Остаток их разговора растаял за глухой бетонной стеной, возвышавшейся под скомканной бурой оберткой небес; а там, в кафе, был слышен голос Миллике и дружный смех в ответ, снова голос – и снова смех. Что ни говори, жизнь запутывалась и усложнялась, так что Декостер в ту ночь не сомкнул глаз в комнатке, которую он снимал в деревне. Завалившись на кровать прямо в одежде, он думал…
Несколько дней погода стояла ненастная, и они не ходили за рыбой. Потом лето вернулось, но они так и не трогали сети.
Случалось, что Руж ходил к лодкам, но чаще поднимался по тропе вверх по Бурдонет, стараясь никогда не отлучаться надолго.
Надо признать, что он нигде не встречал ничего необычного; напротив, у воды ему попадалось гораздо меньше людей, чем две или три недели назад.
Объяснялось все это просто: работа сельчан была в самом разгаре, а озером кормилось не так уж и много людей. Большинство работало на земле; сначала подоспел сенокос, потом жатва и опрыскивание растений. В школах были каникулы, но даже детей нигде не было видно, потому что с восьми-девяти лет им находилось место при взрослых. В апреле, мае и даже начале июня – другое дело, но в разгар лета пора заниматься эспарцетом, цветущим клевером, скошенные круги которого похожи на закатное солнце, местной и селекционной пшеницей, виноградом с его болезнями; пора в горы, поля, на склоны и в долины, в сады, где приютились ульи, к вишневым деревьям, с которых ягоды без лестниц не соберешь. Только в субботу вечером и в воскресенье или после особенно знойного дня мужчины шли окунуться в одну сторону, женщины – в другую. Бродя по окрестностям, Руж встречал только случайных людей – гуляющих, приехавших издалека. В конце концов он успокоился.

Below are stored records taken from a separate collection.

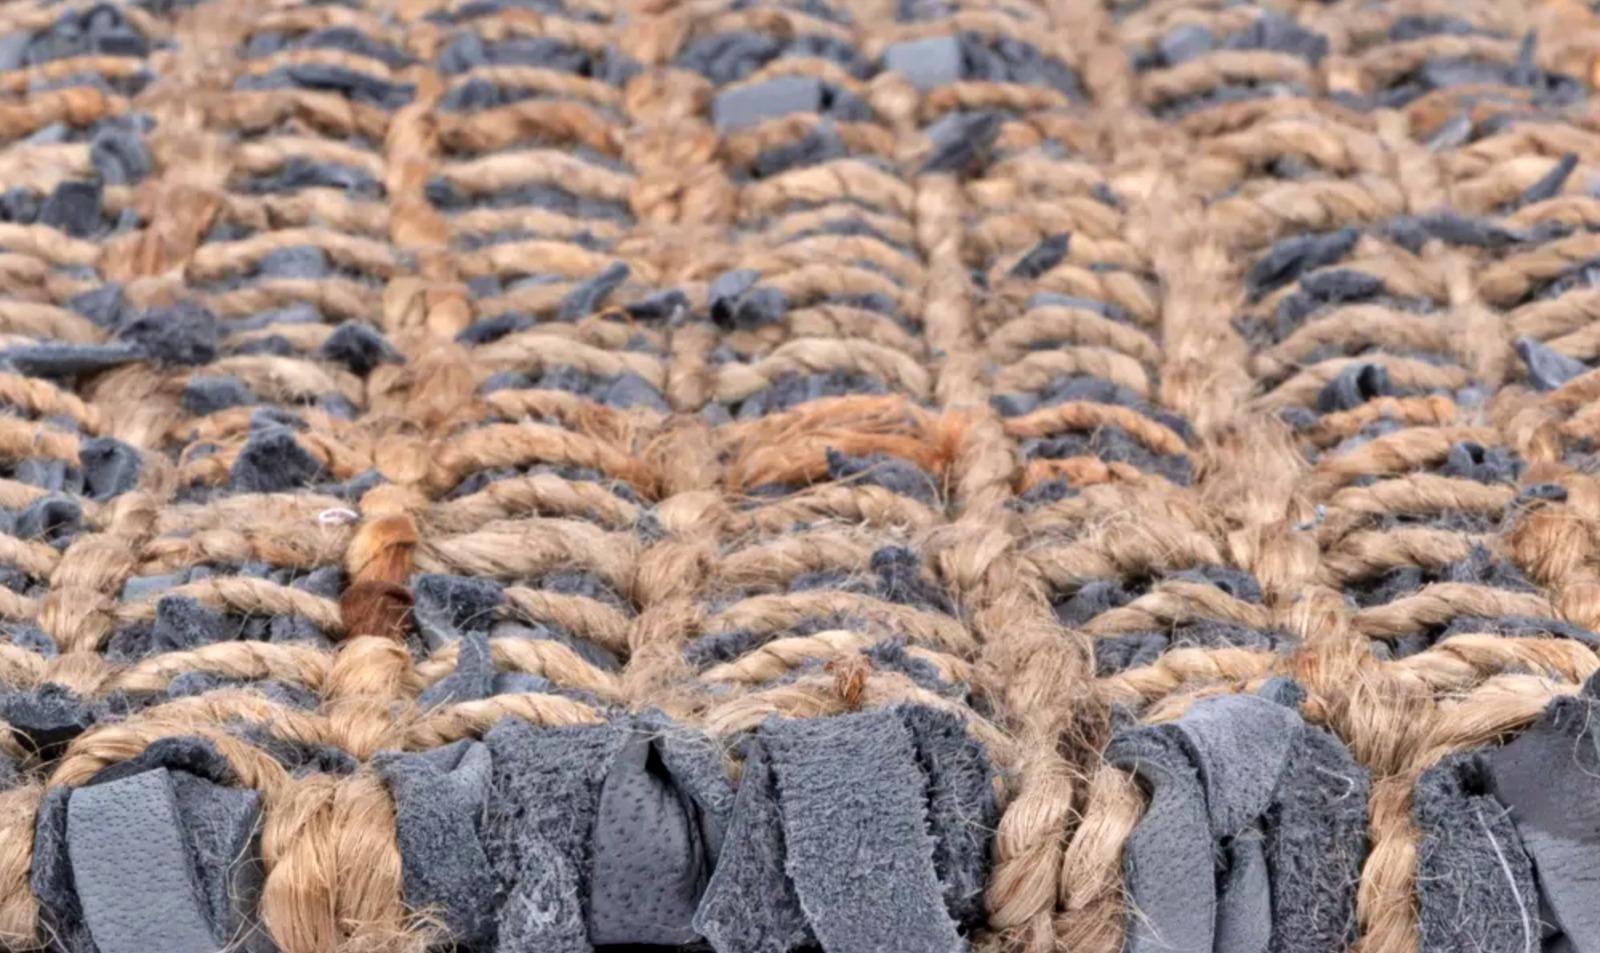 Amazing Blue Leather rug NEW
200cm x 300cm
Composition :
80% cuir
20 % de fibres textiles végétales
Couleur : bleu et brun.

Главное же, что она с ними; она здесь, она с ними, чего же еще? Несколько дней Руж совершенно спокоен; идет дождь. Снова над озером появляется дождевая пелена, словно простыня, вывешенная на веревке. Небо погасло. И она – она тоже потухла. Сегодня она словно светится – а назавтра нет. Она закутывается в свое черное платье, сидит неподвижно, уперев подбородок в ладонь, а локти в колени, и смотрит на дождь. Небо словно забывает о своей дивной расцветке, и поневоле спрашиваешь себя, сумеет ли оно снова разродиться такой красотой.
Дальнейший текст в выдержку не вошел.